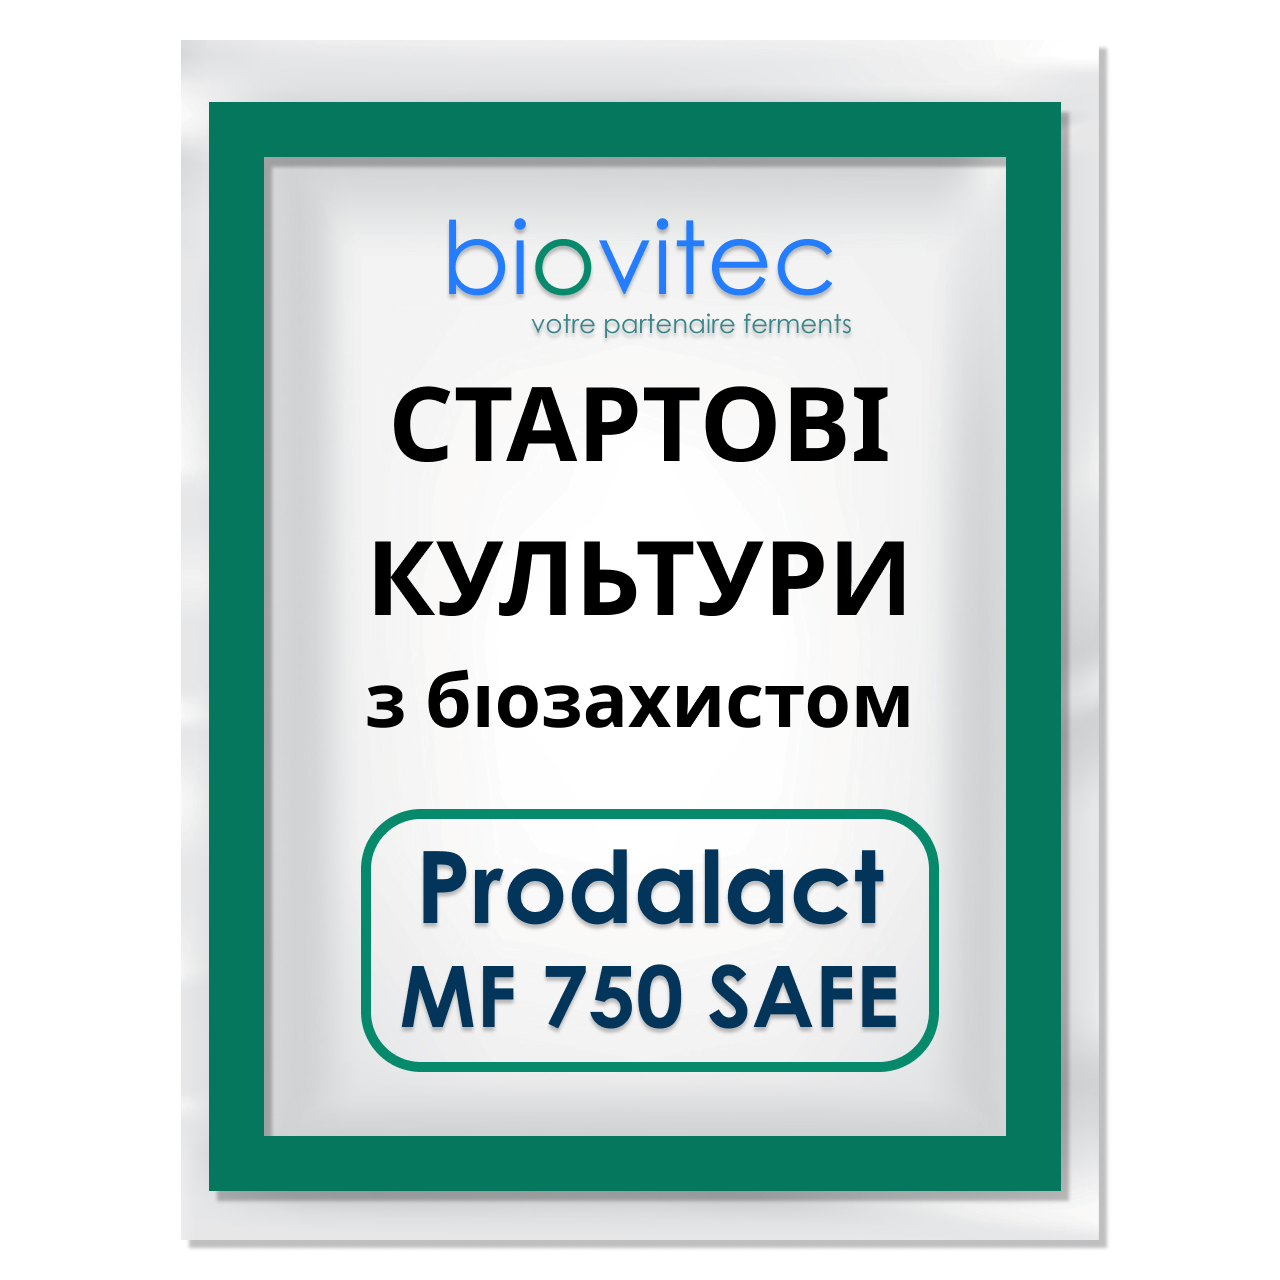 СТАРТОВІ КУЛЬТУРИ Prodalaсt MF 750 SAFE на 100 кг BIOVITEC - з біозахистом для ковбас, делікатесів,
──────────
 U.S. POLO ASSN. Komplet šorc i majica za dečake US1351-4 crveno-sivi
──────────
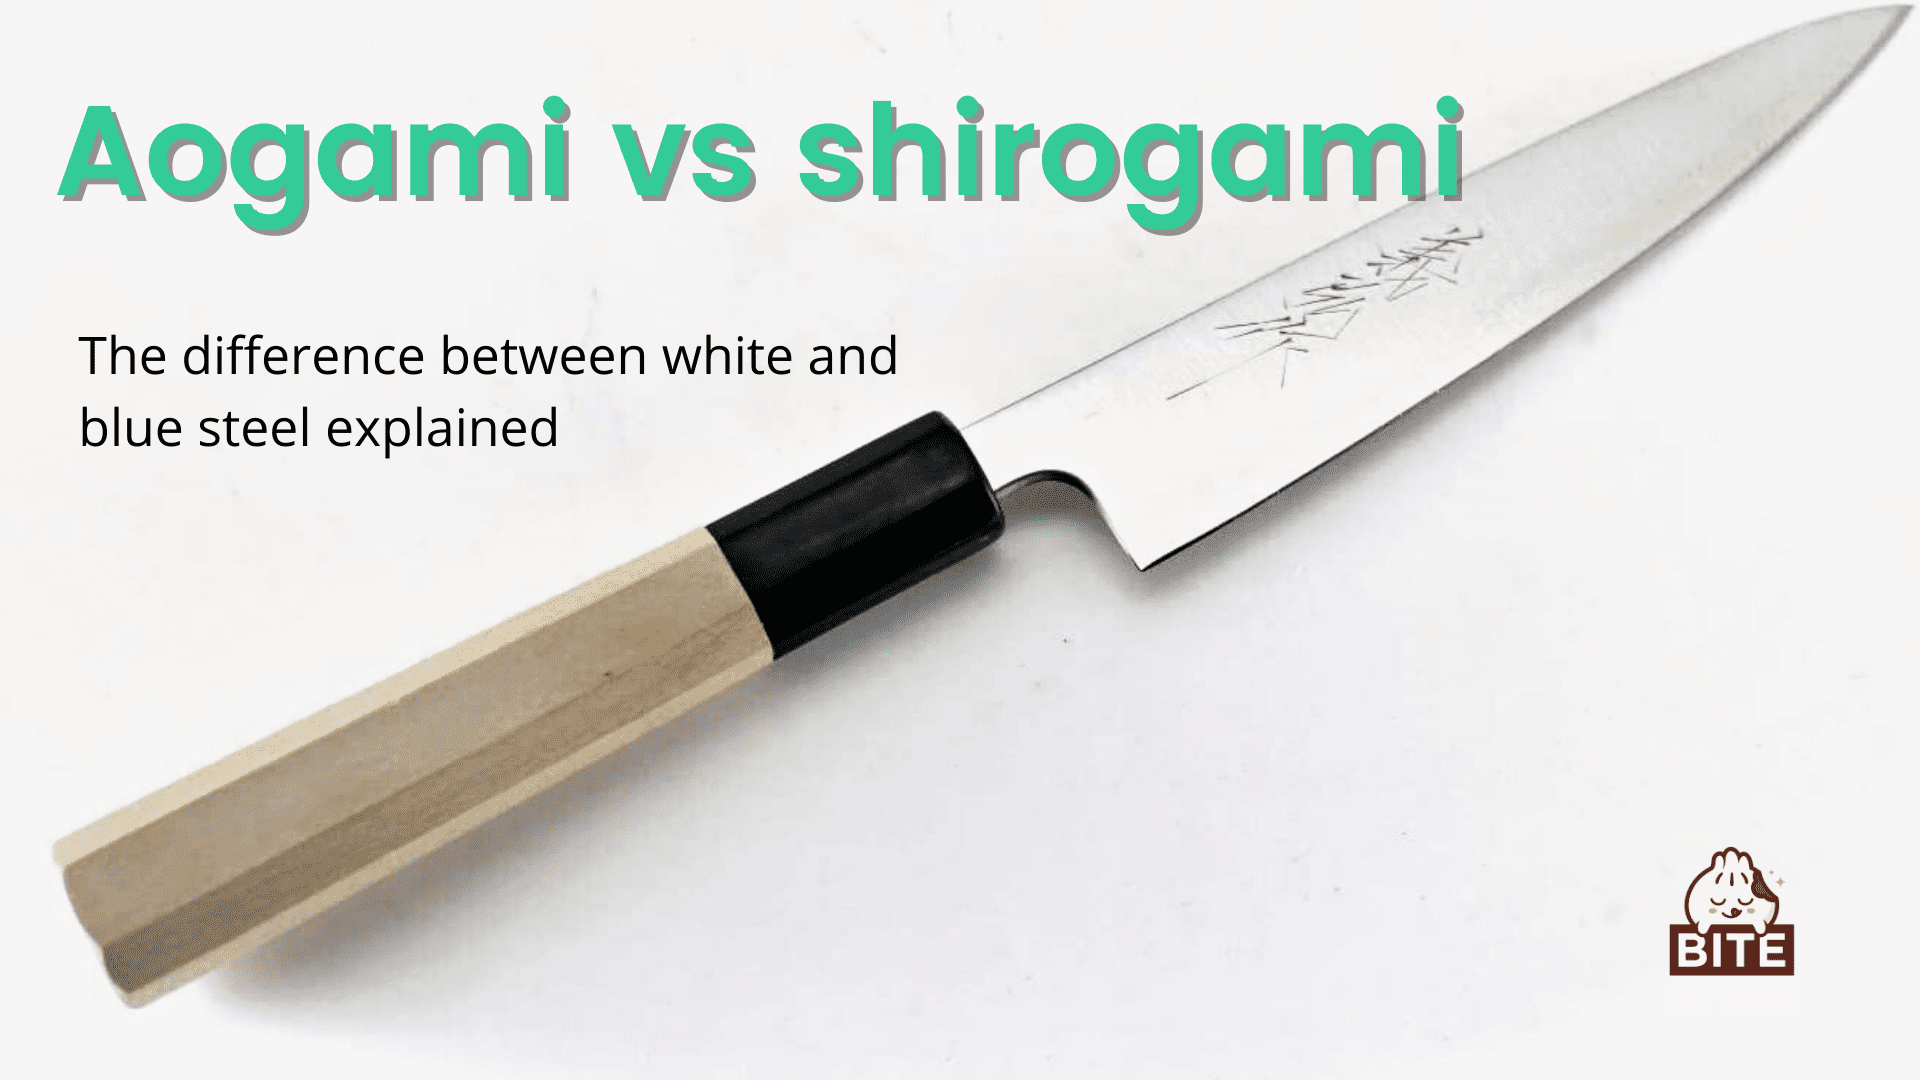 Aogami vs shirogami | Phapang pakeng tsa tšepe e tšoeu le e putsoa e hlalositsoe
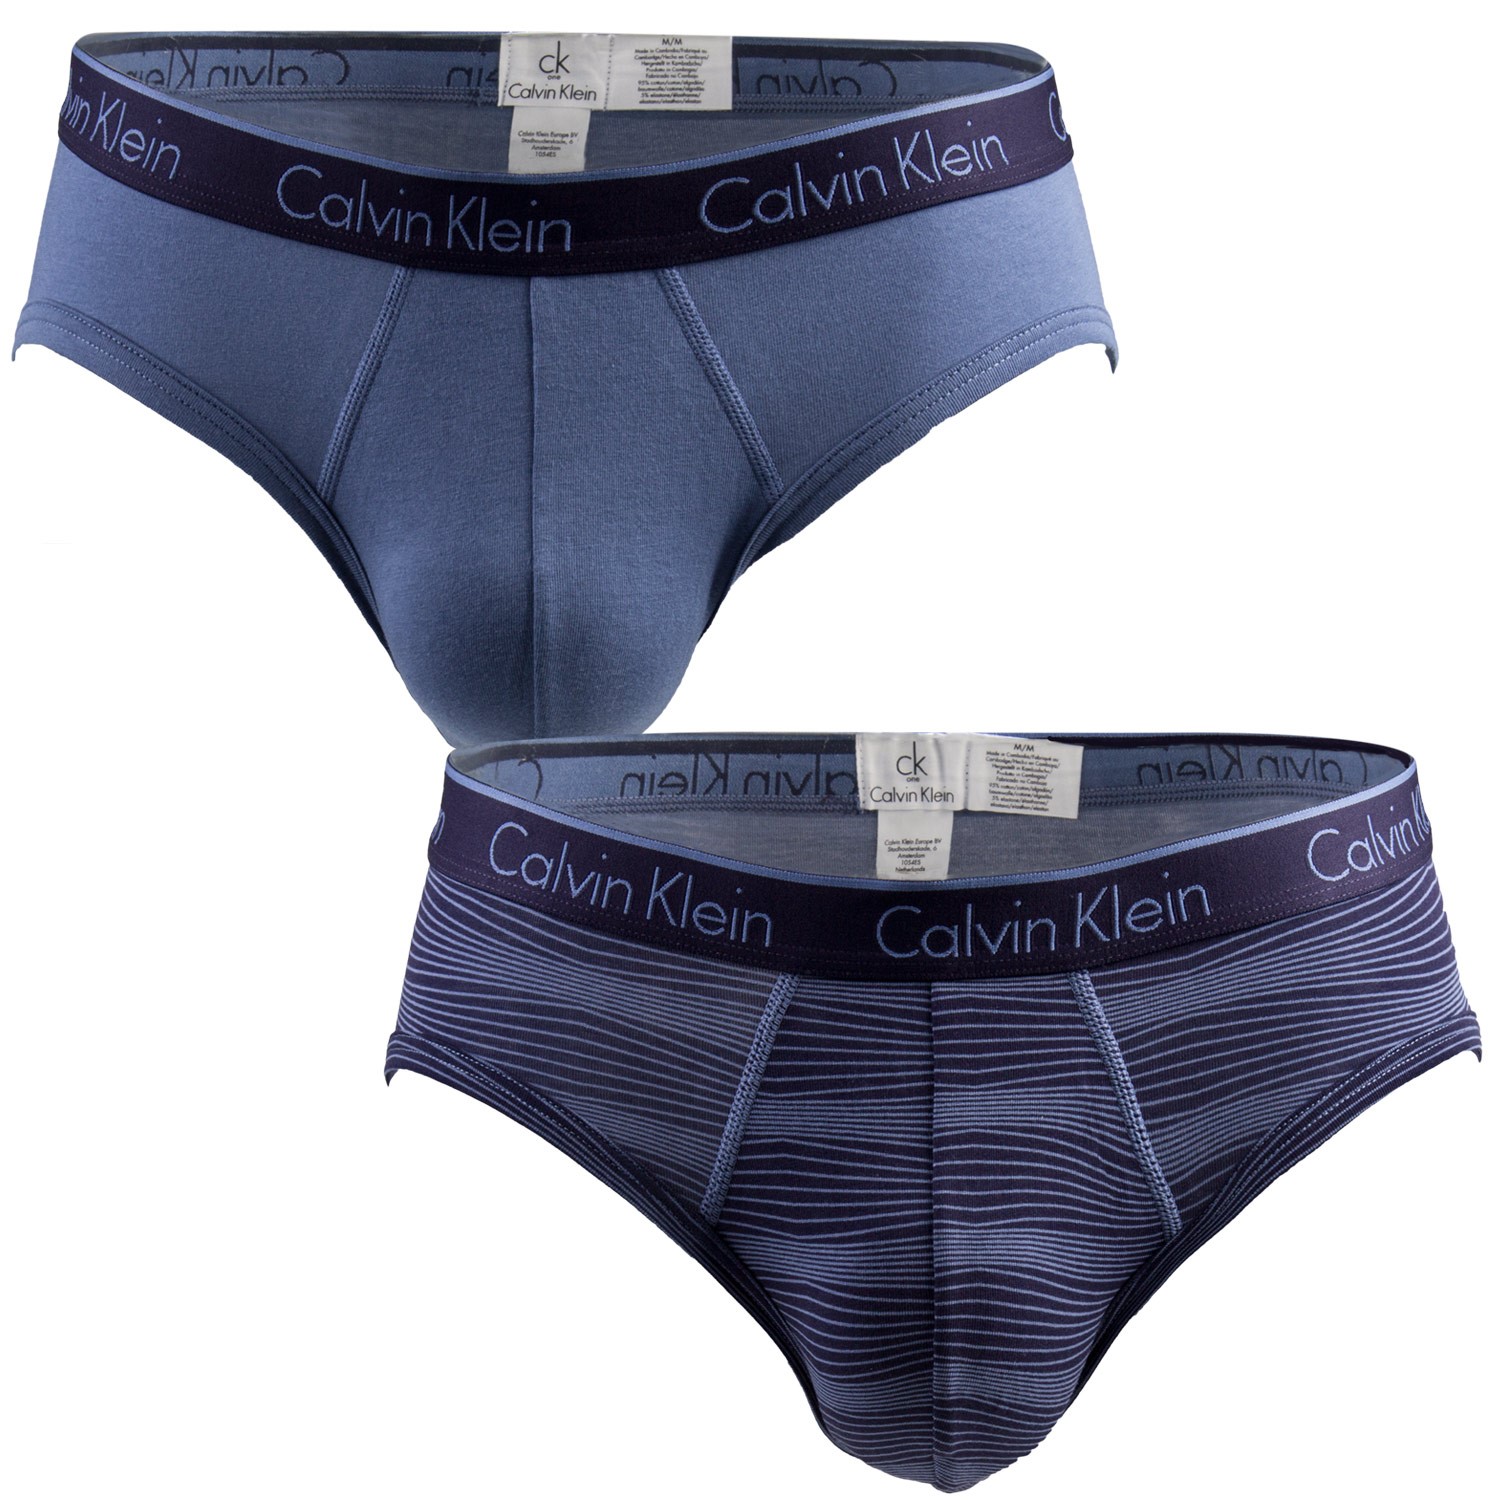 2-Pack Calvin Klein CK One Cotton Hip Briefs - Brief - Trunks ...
──────────
• ACTION ITEM: Would you copy the lines above exactly, starting with the one that has "Aogami vs shirogami" and ending with the one that has "2-Pack Calvin Klein", both included, without the pictures?

• SOLVED PROBLEM:
 Aogami vs shirogami | Phapang pakeng tsa tšepe e tšoeu le e putsoa e hlalositsoe
 2-Pack Calvin Klein CK One Cotton Hip Briefs - Brief - Trunks ...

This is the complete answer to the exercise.